Through our work on the Social Science Centre, Richard Hall and I have been approached to produce a book which documents and critically analyses ‘alternative higher education’ projects in terms of their being critical responses to ‘intellectual leadership’ in mainstream higher education. The book is intended to be part of a series already agreed with Bloomsbury Academic Publishing that focuses on ‘intellectual leadership’. The series editors have encouraged us to develop a proposal for an edited volume. A brief statement about the series is:

‘Perspectives on Leadership in Higher Education’ is a research-level series comprising monographs and edited collections with an emphasis on authored books. The prime purpose of the series is to provide a forum for different and sometimes divergent perspectives on what intellectual leadership means within the context of higher education as it develops in the 21st century.
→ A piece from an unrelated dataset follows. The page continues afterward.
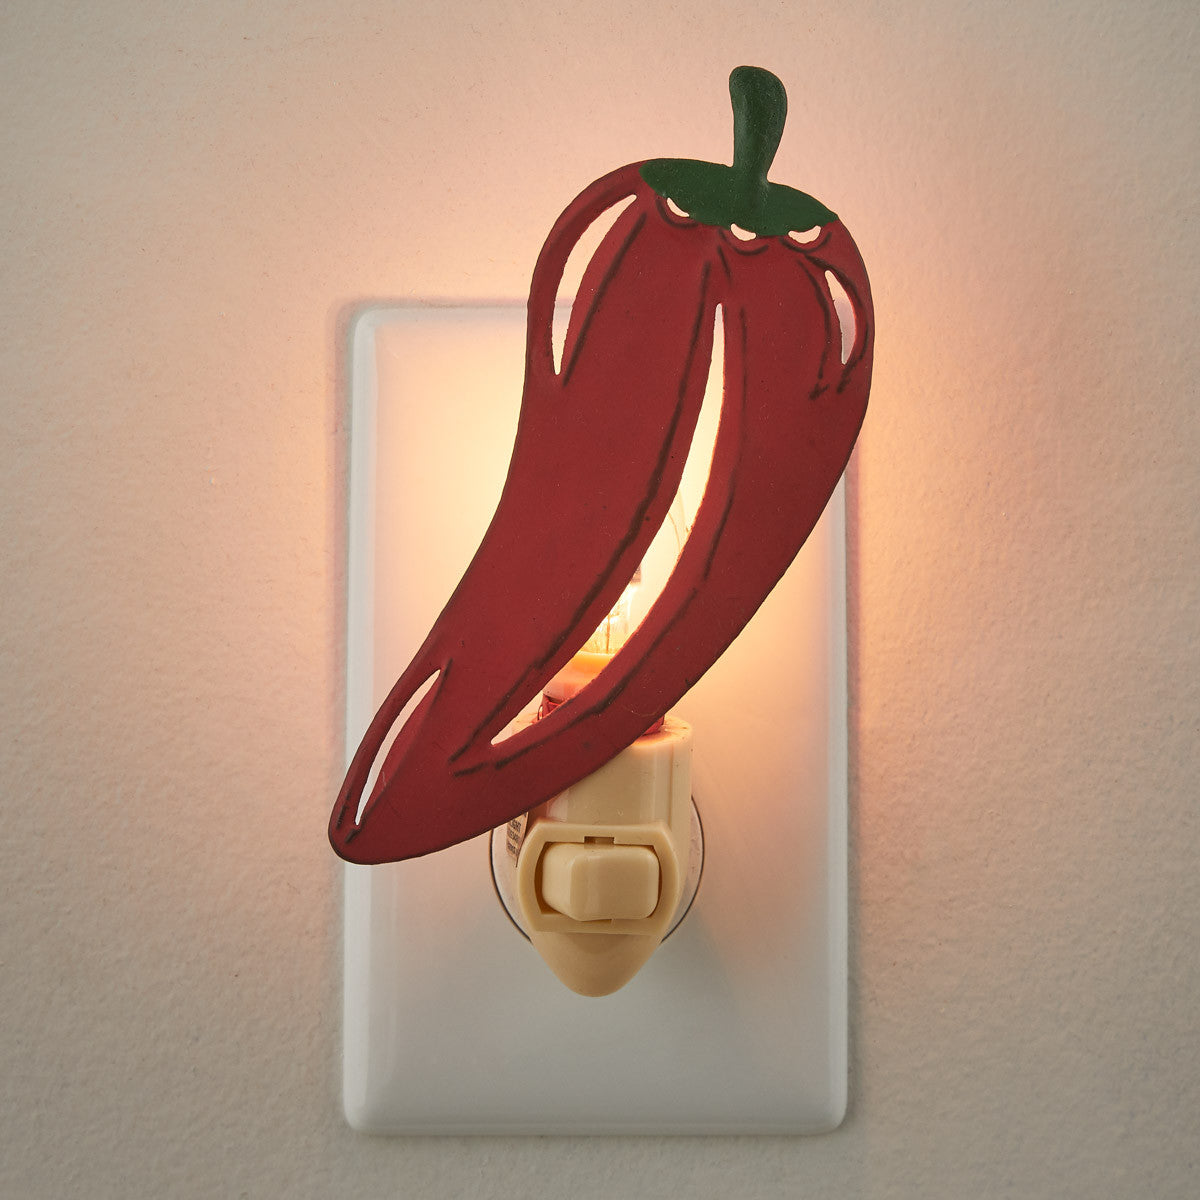 Chili Pepper Night Light - Park Designs

This is an invitation to attend a workshop where we aim to collectively design a book proposal that is submitted to Bloomsbury. As you can see below, we have drafted a proposal, which the series editors and their peer-reviewers have responded very positively to, but it has always been our intention to ultimately produce the book in a collaborative way with all its authors.

[UPDATE: Just to be clear: we welcome contributions from authors who are not based in the UK and can offer a perspective from outside the UK. It is our intention that the book have an international focus. Attendance at the workshop is preferred but not obligatory.]

We hope that from the workshop, a revised proposal is produced with confirmed authors and chapter summaries, which we will then submit to Bloomsbury for final approval.

We are very optimistic that it will be accepted, but of course we are at liberty to submit the proposal elsewhere if Bloomsbury decide not to go ahead with it. Either way, we are confident of getting the book published.
Hopefully, the draft proposal below is largely self-explanatory. The chapters headings are only indicative in order to get us this far. We expect a fully revised proposal to come out of the workshop with input from all authors.
If you are interested in writing a chapter for the book, you are strongly encouraged to attend the workshop. We will be seeking international contributions to the book, but would like as many authors as possible to help design the book through attendance at this workshop.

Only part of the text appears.